Ordered intermetallic alloy structures
Ordered bcc: system is cubic, Bravais primitive, has one element on corners of cube and the other in the centre, atoms alternate along space diagonal, example NiAl.
Ordered fcc: system is tetragonal, Bravais primitive, has one element for top and bottom faces and other for remaining 4 face centred midway up, alternating layers of elements, example TiAl.
Disordered intermetallic alloys
Do not fulfill strict definition of crystals, can be treated by placing statistical ‘mixed elements’ at lattice points (occupancy factors), then the ordered structures would return to proper bcc and fcc and both be cubic.

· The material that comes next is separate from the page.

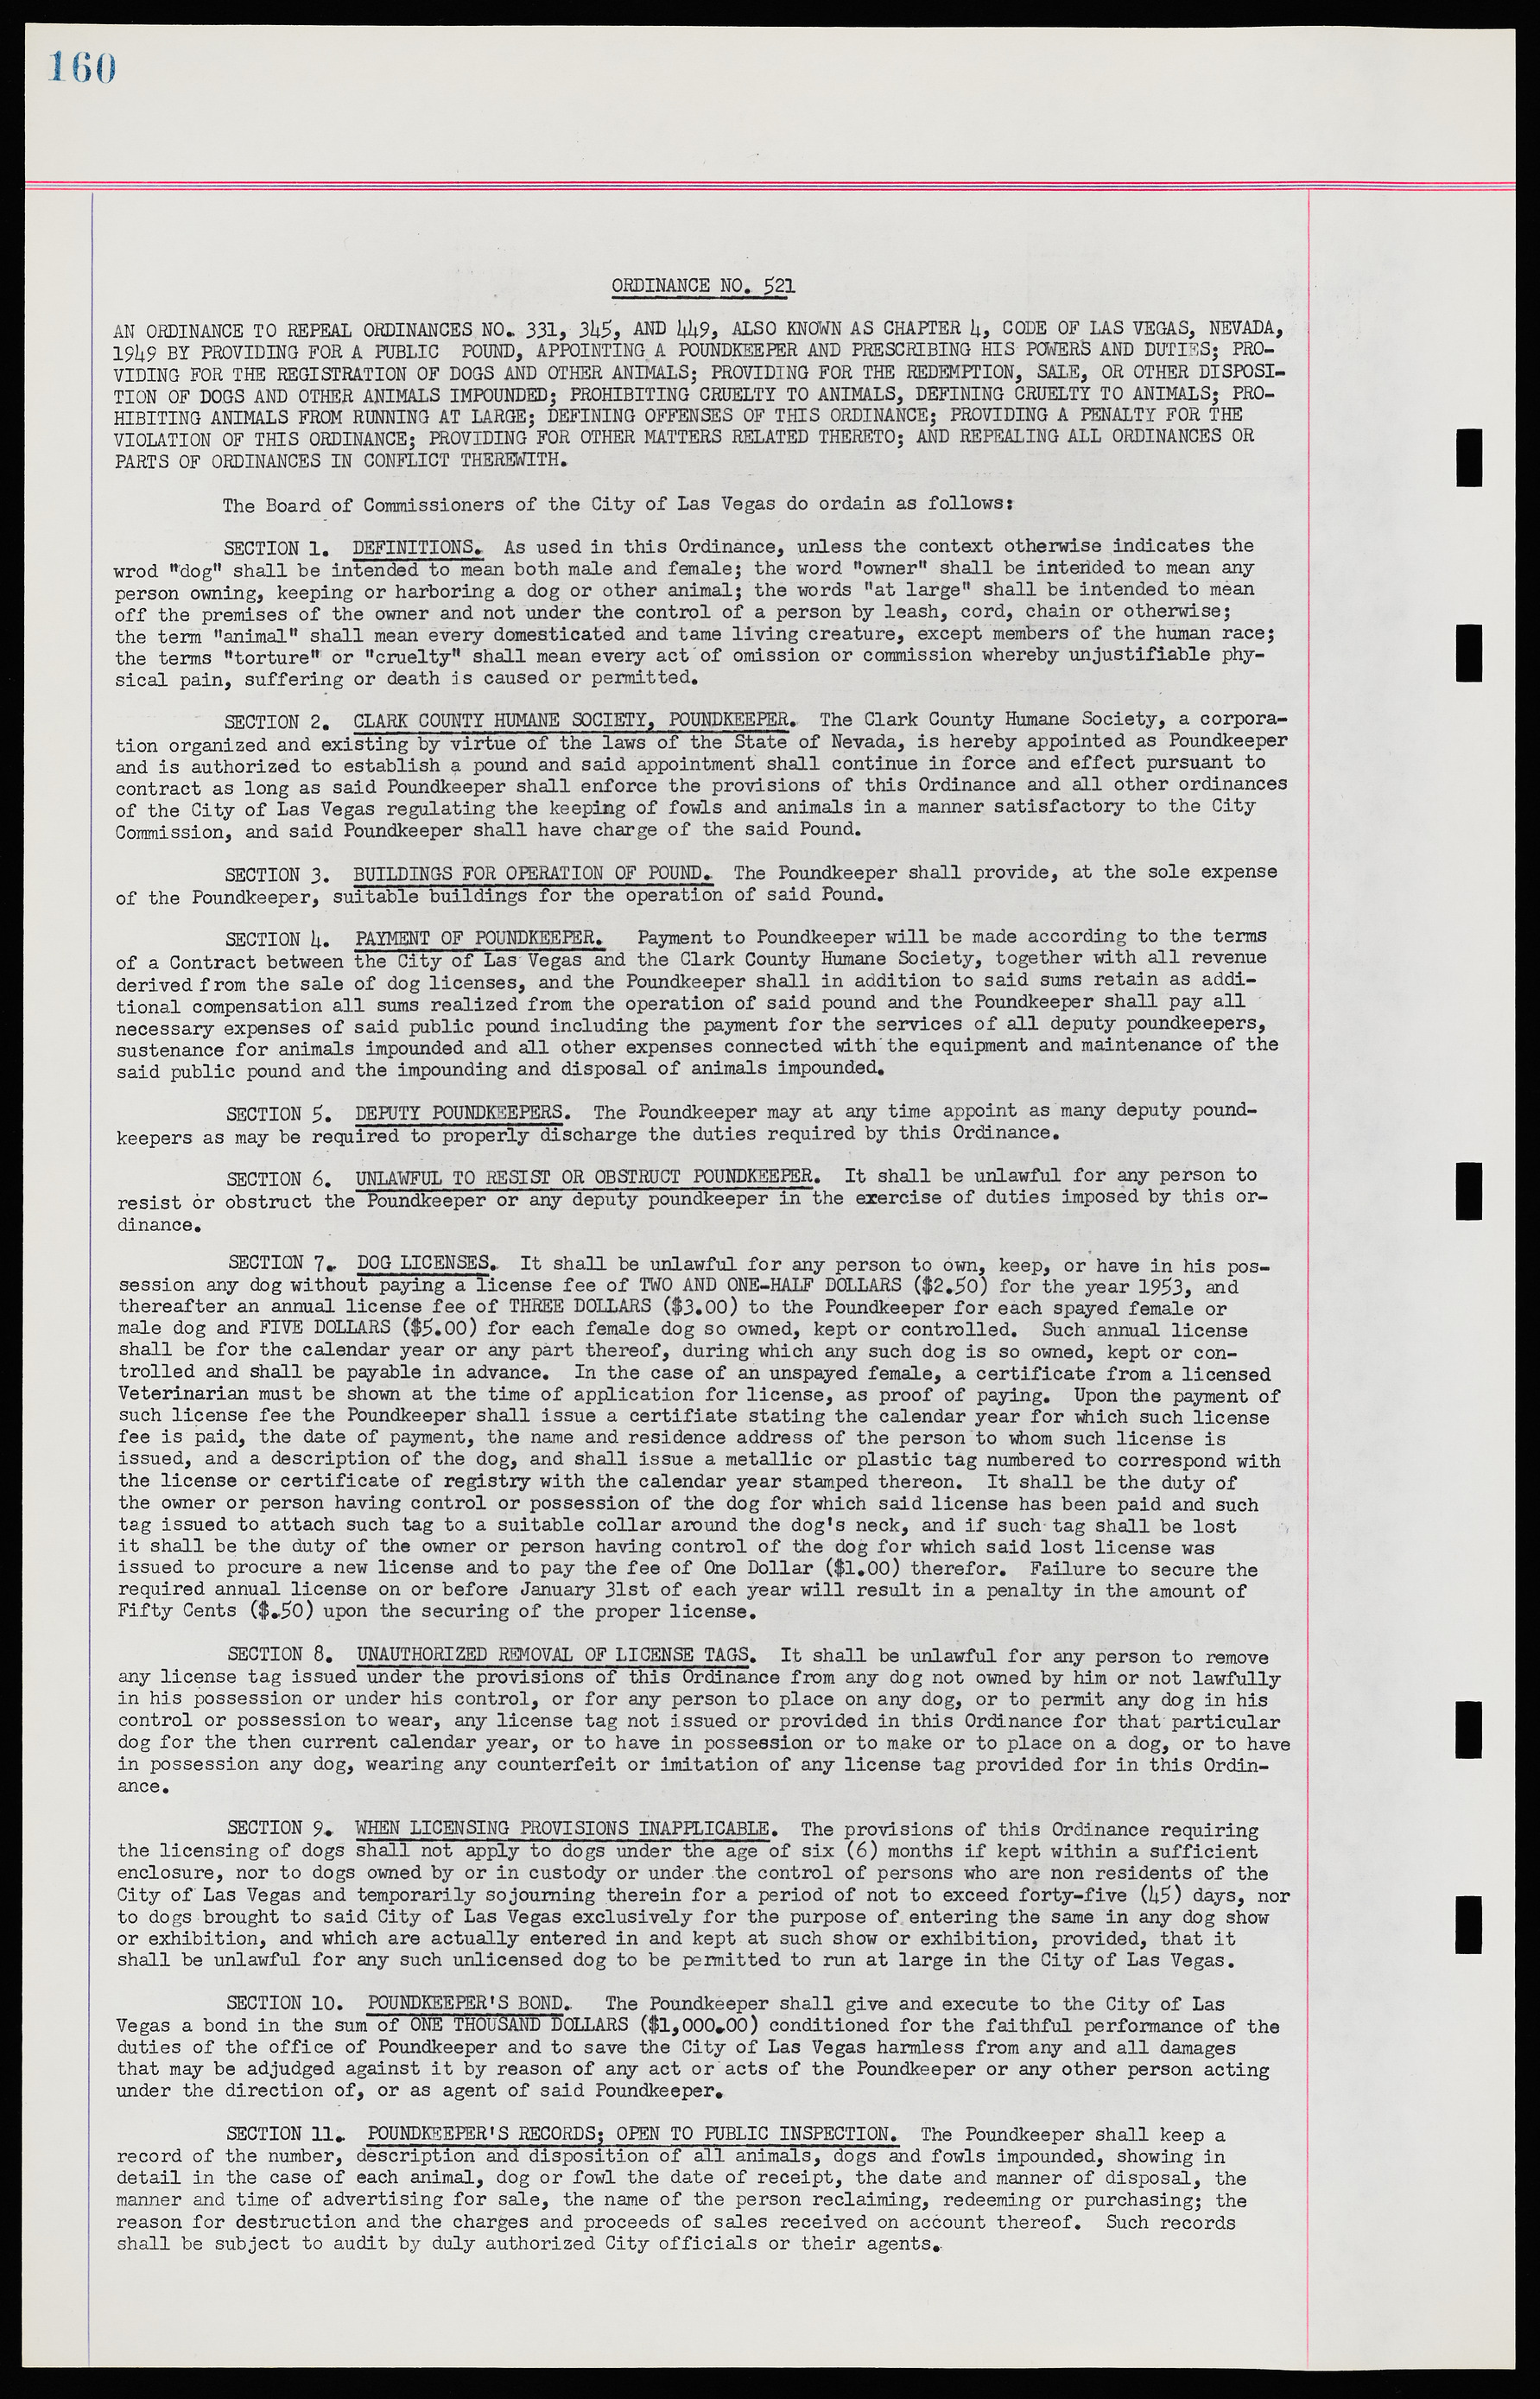 Las Vegas City Ordinances, November 13, 1950 to August 6, 1958, lvc000015-168

Glide systems in alloy structures
Determine the direction of dislocation motion. Normal bcc has (110)[111], normal fcc has (111)[110]. For the ordered intermetallic alloys the Burgers vector is twice as long as for pure metals, so plastic deformation is hindered and alloy is more brittle (not as brittle as ceramics).
Tin structure
Gray α-Tin: stable under 13C, cubic, diamond-structure, semiconductor.

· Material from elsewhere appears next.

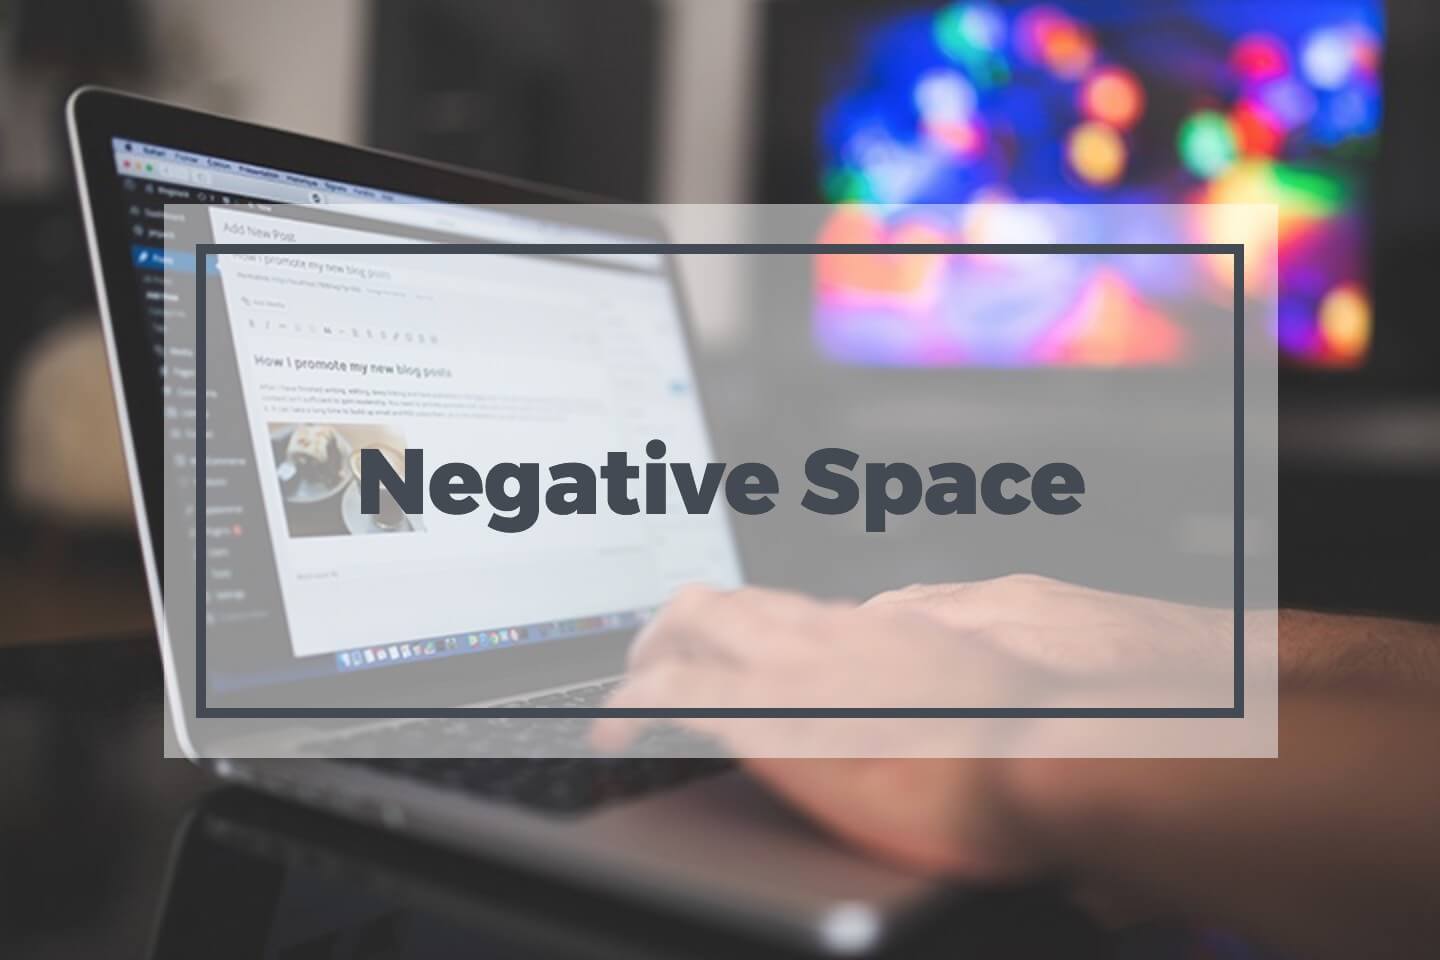 Negative Space free stock photos

White β-Tin: stable above 13C, tetragonal, is distorted cubic primitive, metallic.
Both are metastable so don’t immediately change as temperature goes through 13C.
Heusler alloy
ABC2. Example MnAlCu2 so no anion. Based on fcc, has all interstitials fully filled, has larger lattice parameter than normal fcc. This is first ferromagnetic alloy known without a ferromagnetic element
What is complex stacking?
Anything other than ABAB, ABCABC, AAAA
Nomenclature for cation/anion stacking sequences
Main (Bravais lattice) stacking is upper case roman letters ABC.

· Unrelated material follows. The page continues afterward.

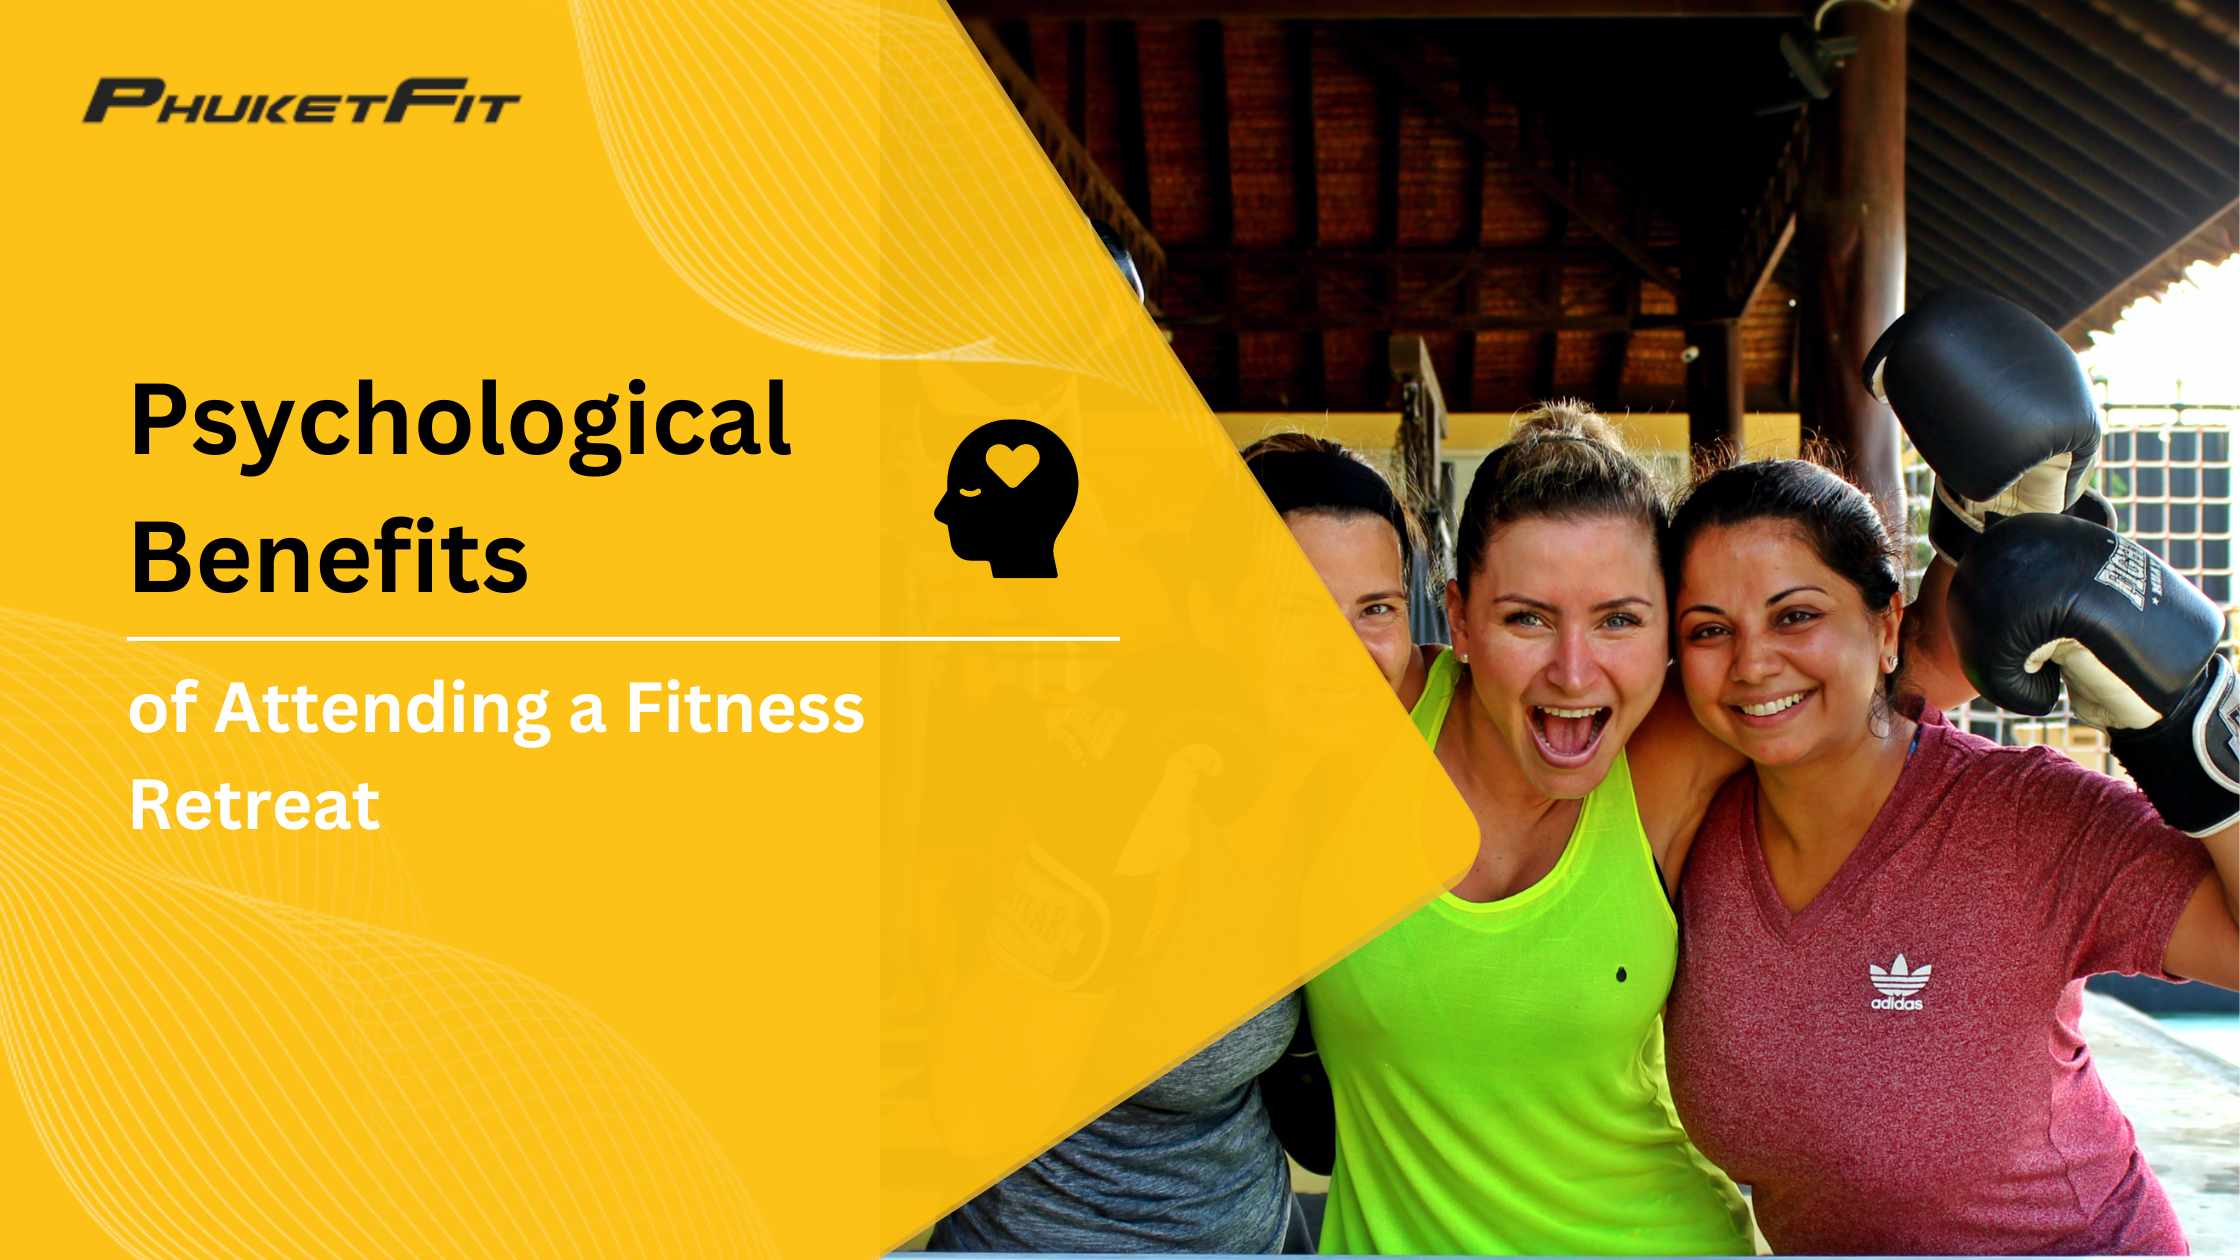 The Psychological Benefits of Attending a Fitness Retreat - PhuketFit

Interstitial stacking is Greek letter αβγ.
A, B and C are same chemistry
α, β, γ are also the same elements as each other
<> denotes infilled interstitials (layers entirely vacant)
Stacking sequences for ZnS wurtzile, ZnS cubic, NiAs hexagonal, CdI2 hexagonal
ZnS wurtzile: AαBβ
ZnS cubic: AαBβCγ
NiAs hexagonal: AγBγ
CdI2 hexagonal: AγB<>
Rare earth elements stacking sequences
Mixed stacking sequences
ABCB
Examples: La, Pr, Nd, Pm
Complex stacking in molybdenite
AβA<>BγB<>. This is height of one unit cell. Is MoS2. System is hexagonal, Bravais primitive. Sheet structure, rather loose S-S cross-layer bonds so good lubricant as can exfoliate into single 2D sheets. Get pairs of hexagonal primitive layers with rather loose packing. Interstitial layers are not oct or tet but are trigonal prismatic
Basics of silicates
Polymerisation via Si-O-Si bonds. Stoichiometry varies within SiOx depending on how many O shared. 1D, 2D, 3D network structures. Tetrahedra robust and angles and distances vary little and are close to ideal mathematical tetrahedron. Al can sub in silica lattices but needs extra caution to balance charge which are often in interstitial positions.